La pirate se leva et alla poser la bouteille sur le meuble, avant de revenir s'asseoir. Zoltan lui donna une cruche pleine, lui permettant de se resservir.

- Honnêtement, Geralt, je vois pas pourquoi tu as autant de mal à y croire, commenta la D. en se servant généreusement.

Elle eut une mine pensive. Pour appeler son camarade par son prénom, c'est qu'elle devait être particulièrement éméchée.

Elle leva la cruche, comme pour demander si quelqu'un en voulait et Jaskier lui tendit son propre verre. Elle le servit tout en surveillant l'autre mutant du coin de l'œil pour avoir le bon timing, avant de rendre le verre au barde qui commença à le boire.

- Après tout, je suis bien mariée à un phénix.

Perfect timing ! Les trois hommes autour de la table manquèrent de s'étouffer avec leur boisson, les forçant à recracher la moitié et à tousser un bon moment.

- J'adore faire ça ! pouffa Ann en se tournant vers Shani qui ne parvint pas à contrôler son rire.

- Mariée ? s'étrangla Zoltan. Mais la stérilité, tout ça…

- Il est lui-même quasiment stérile, alors, avoir des enfants n'a jamais été dans nos projets.

Sans parler que de base, c'était un mariage homosexuel à l'arrache sur le pont d'un navire durant une escarmouche violente.

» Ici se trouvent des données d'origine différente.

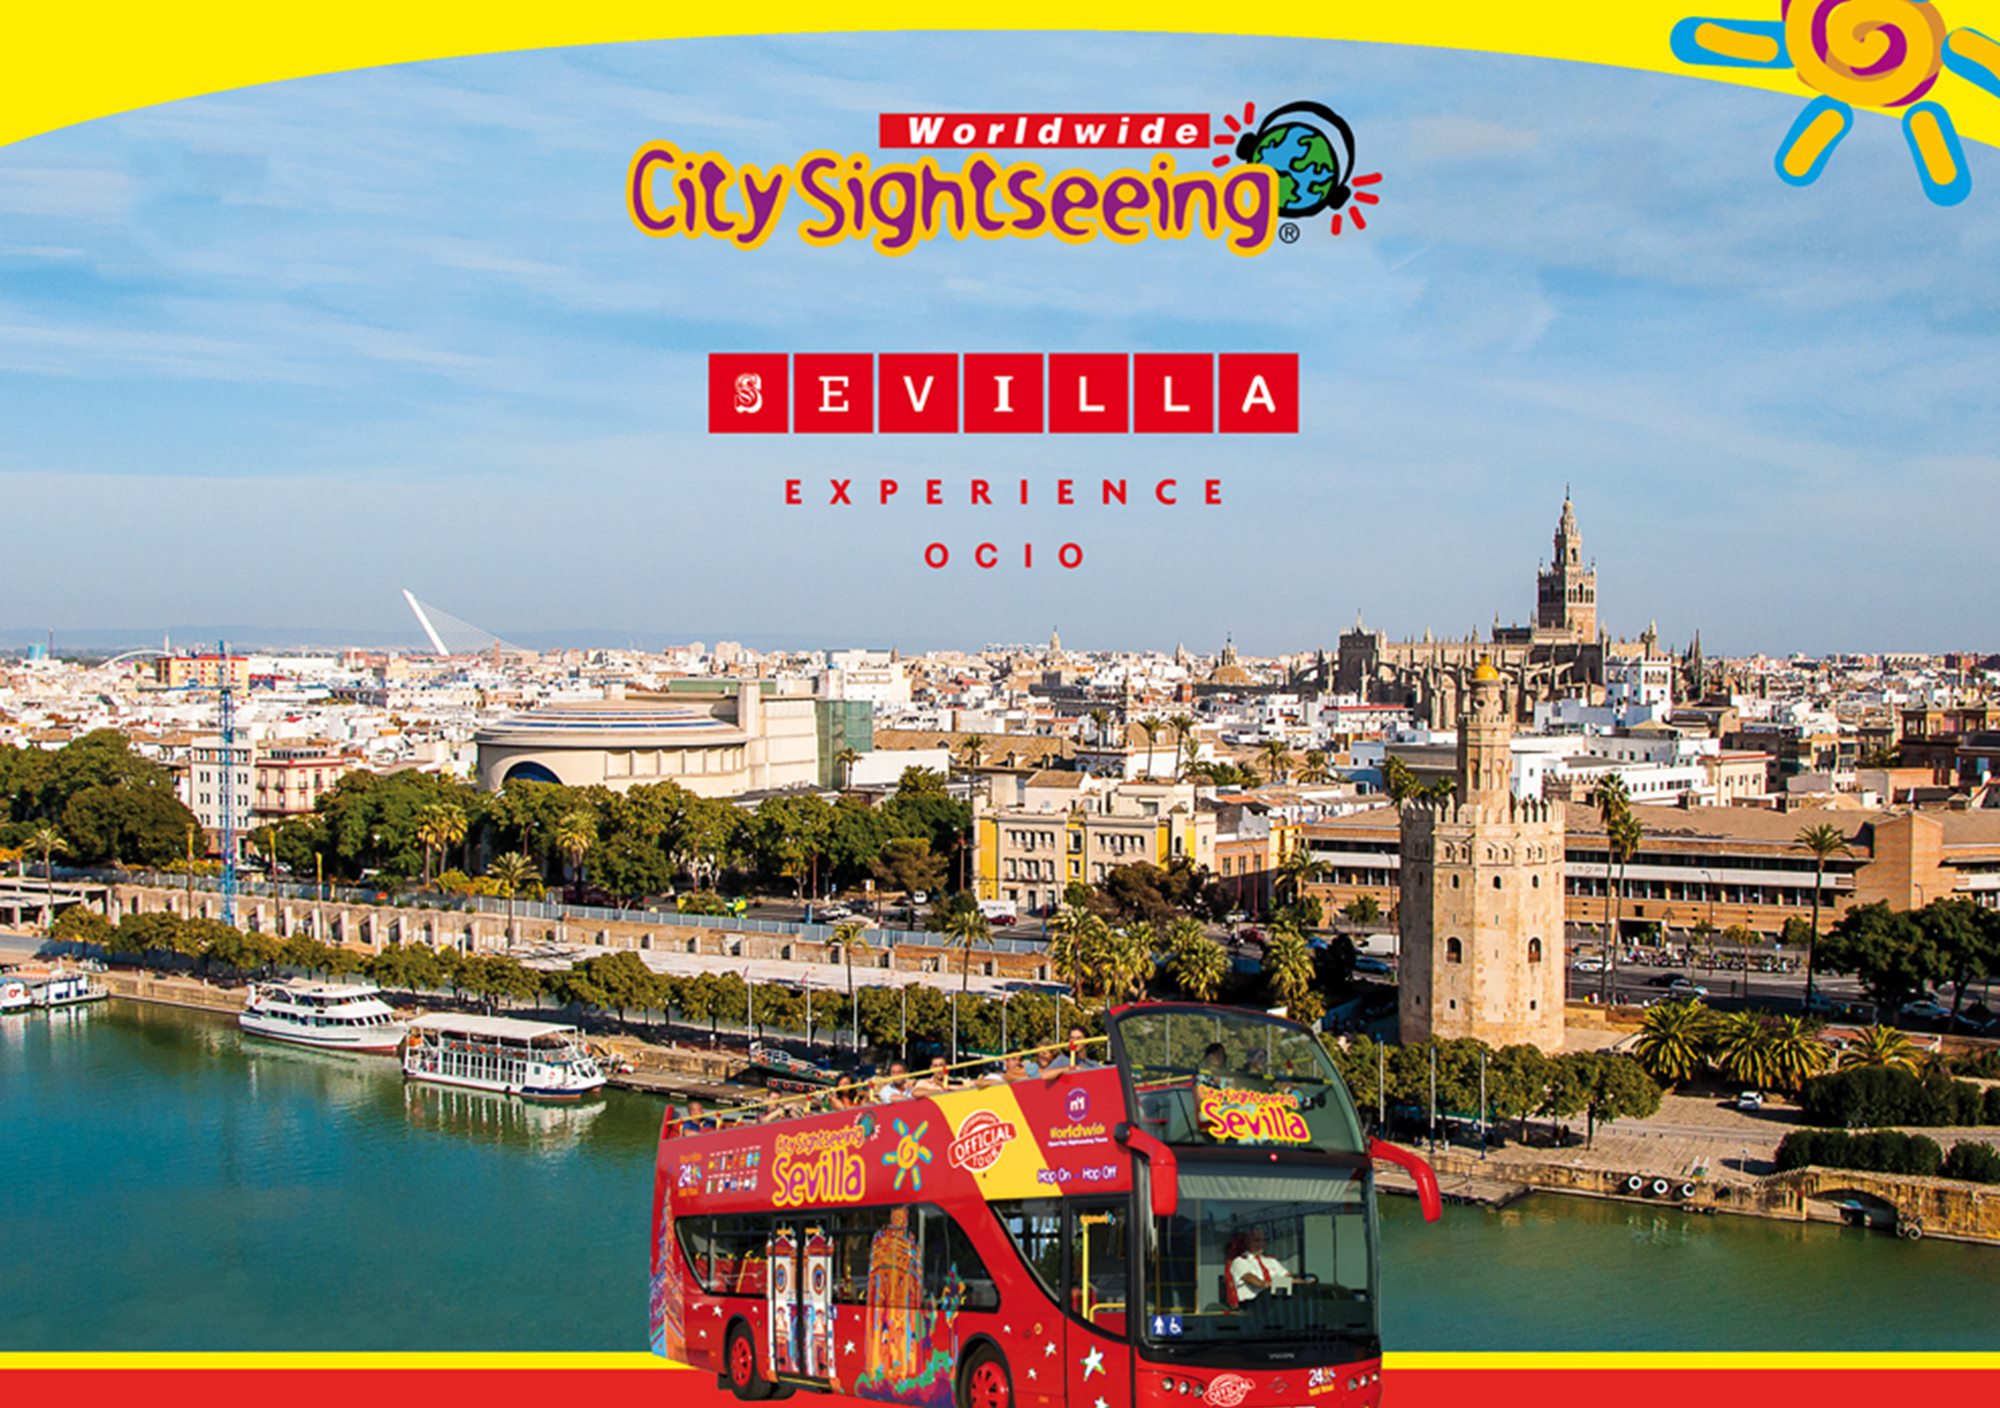 réserver acheter billets en ligne tours visits Pass City Sightseeing Sevilla Experience

Marco avait demandé à leur père de les marier parce qu'il ne voulait pas mourir sans lui avoir passé la bague au doigt. Au final, ils n'étaient pas morts et ils avaient enchaîné sur deux semaines de vacances pour la Nuit de Noces et la Lune de Miel. Elle avait été tout bonnement incapable de quitter le lit durant ces quelques jours et avait boité pendant les quatre jours qui avaient suivi leur retour à bord.

- A un phénix ? s'étonna Geralt.

- Si c'est une plaisanterie, elle manque de piquant, pointa Jaskier en reposant son verre avec prudence.

Pour toute réponse, Ann leva sa main devant son visage pour bien montrer son alliance. Jaskier lui prit la main pour mieux voir la bague, avant de la lui rendre.

- Mariée et fidèle, même si ça fait quoi… entre trente et quarante ans que je l'ai pas vu. Et vu que les Phénix n'ont qu'un seul vrai partenaire à vie, je sais que c'est aussi le cas. On s'est liés l'un à l'autre durant la Nuit de Noces.

- Tu n'as pas cherché à le retrouver ? s'enquit Shani.

- Il me faudrait une nouvelle Conjonction des Sphères pour le revoir, je pense ! rit amèrement la mutante.

- Cela ferait une magnifique balade, soupira Jaskier. Deux amants séparés par le destin et la magie, se languissant de l'autre, se cherchant, au travers le temps, priant pour se revoir.

- L'avantage, dans ce cas, d'être une sorceleuse, c'est que ton mignon, tu le retrouveras, même si je pense que ça devait pas être marrant tous les jours au pieu avec un piaf ! commenta Zoltan.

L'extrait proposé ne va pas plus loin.